在場的這些貓貓狗狗熊熊鳥鳥, 眼神亂飄,看天看地看空地,就是不看聞擇。

渾身上下都寫著兩個大字:心虛。

幾個亞獸人無所適從地站在散架的織布機前, 有人手裏握著一根橫梁,有人抓著一根立木。

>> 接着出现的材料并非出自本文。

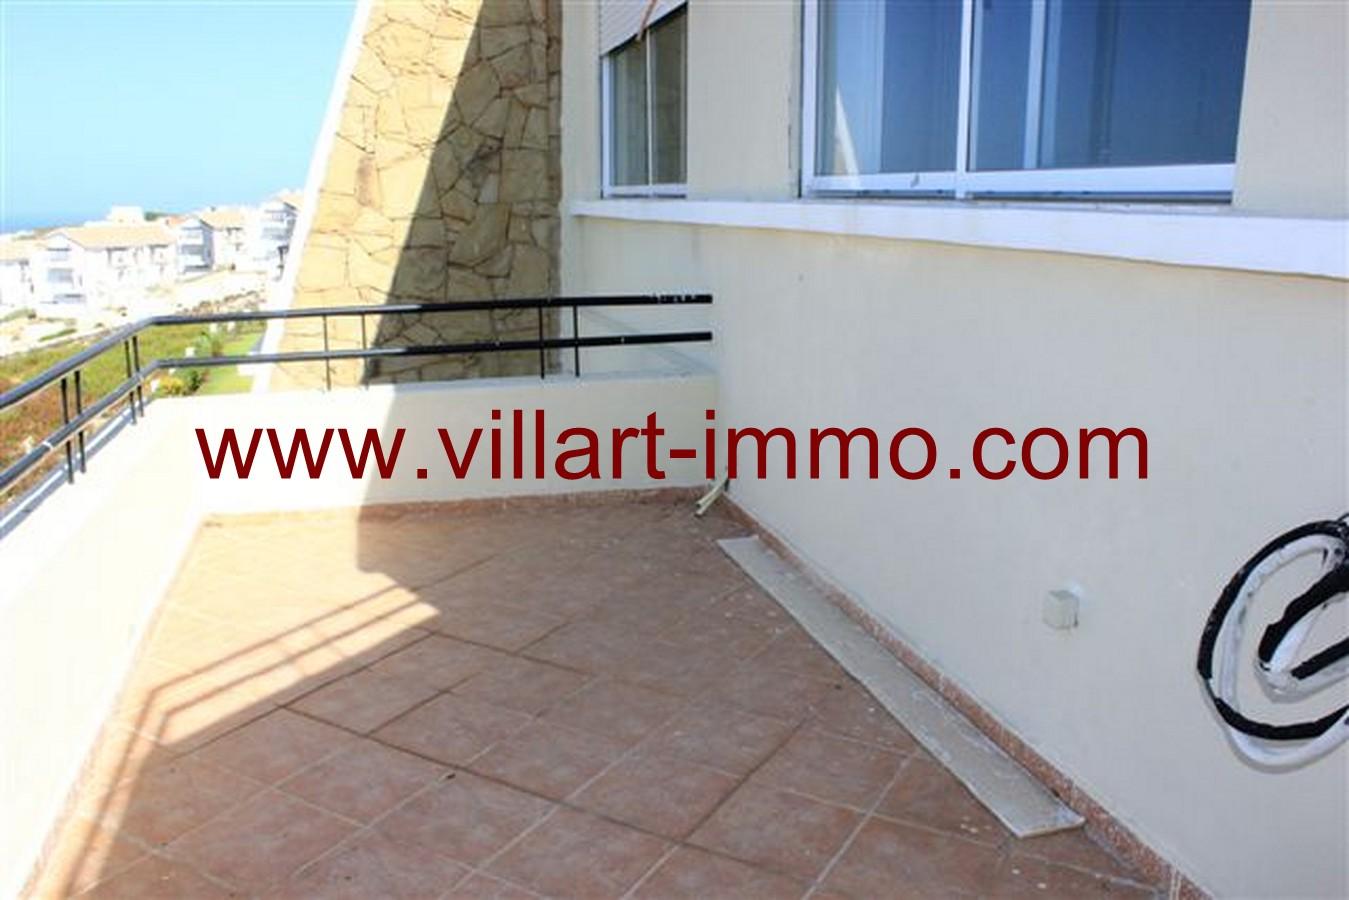 9-Vente-Appartement-Tanger-Malabata-Projet-MIR3-Villart Immo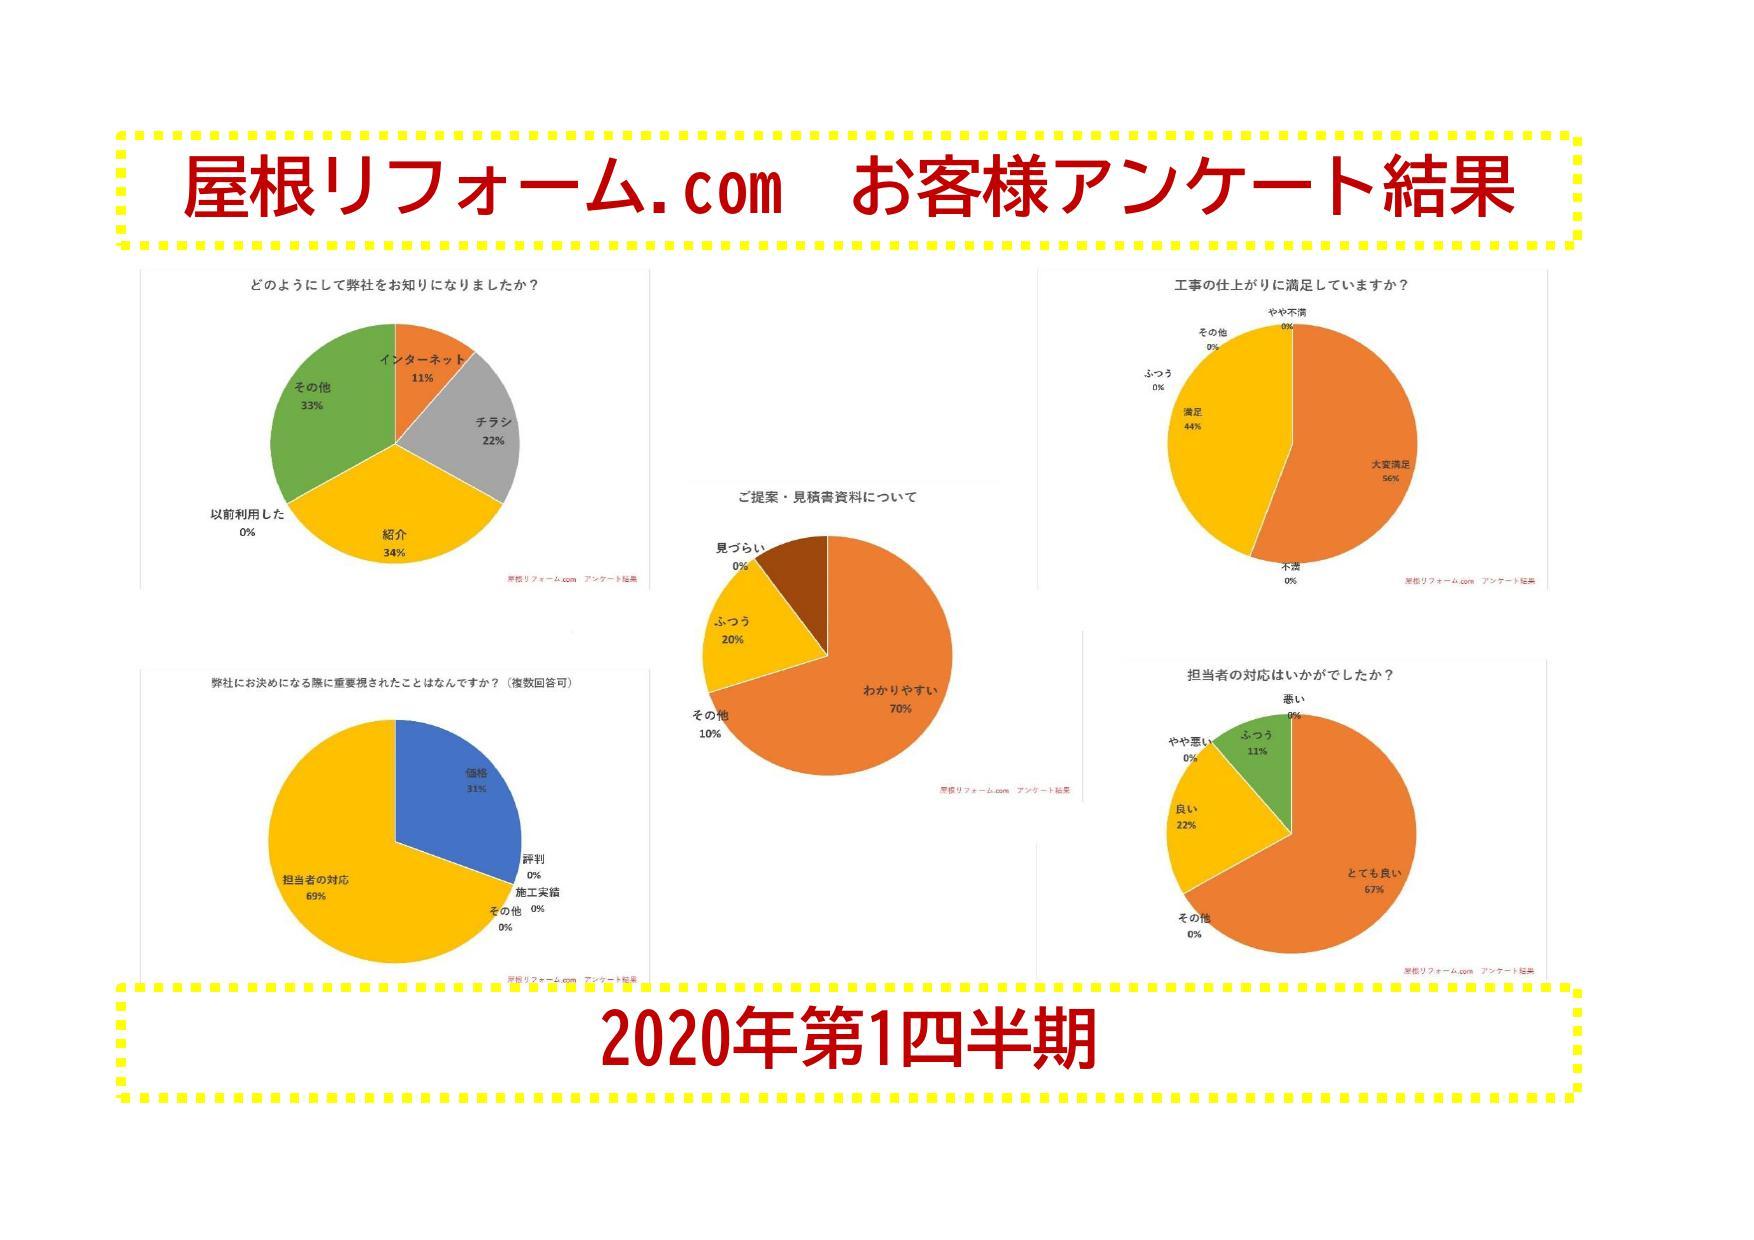 2020年第1四半期の屋根リフォーム.comアンケート結果です^^

柏靈也已經站了起來,右手捏著個梭子, 左手還握著線刷。

機頭連著亂成一團的麻線, 掉落在柏靈的腳邊。

這淩亂又沈寂的場面,實在是滑稽,幾秒後, 聞擇“噗嗤”一聲笑了出來。

就像是放出了某種訊號, 冒了一身冷汗的大家, 總算是敢動一動、吭吭聲了。

柏靈捏著線刷, 咬牙切齒:“都說了別拽別拽, 現在好了吧, 織布機壞了!”

長川剛剛搶他位置搶得最積極, 不服氣地小聲嘀咕:“你要是早點讓開,我們也就不搶了嘛……”

其他人附和:“對啊。”

柏靈瞪大眼睛:“你們還說!”

他們縮了縮脖子,理虧地說:“我們也不是故意的,沒想到能把織布機弄壞, 對不起嘛……”

道歉時, 他們全都紅著臉, 看向了聞擇。

聞擇沒有怪罪他們,溫聲說:“知道你們是喜歡、好奇織布機,別吵架。這一架織布機本來就只做了一半,接頭的地方都沒好好固定,不牢靠是正常的, 咱們再重新做就好了。”

這樣聰明有本事的亞獸人,脾氣還這麽好,不僅願意耐心教他們,他們犯了錯,也不怪罪。

一時間,大家對聞擇不僅羞愧,也更敬佩、喜愛了。

長川帶頭給柏靈道歉:“對不起,剛剛是我沖動了,一會兒我多削點木頭,咱們早點把新的織布機做出來。”

柏靈怔了怔,表情緩和,語氣也軟了下來:“我也有不對的地方,不該霸著織布機不放,對不起。”

其他人也互相道了歉,氣氛再次融洽起來。

而且因為這個小插曲,幾個部落間的距離被拉近了不少,相處起來更友善了。

有些投緣的,還笑著聊起各自部落有意思的事情來。

見大家對織布機的熱情不減,聞擇帶著他們重新削木頭、做零件。

有了之前那架的經驗,這次從長形框架開始調整。

長度、寬度、高度、傾斜……

精細一些的活交給爪子鋒利的鳥系亞獸人;對做工要求不高的部件,可以交給虹日部落的人加工;不方便變成獸形的獸人,幫著擡木頭,幹幹體力活;變不出爪子的亞獸人,就幫著綁麻線,調整橫木的位置等等……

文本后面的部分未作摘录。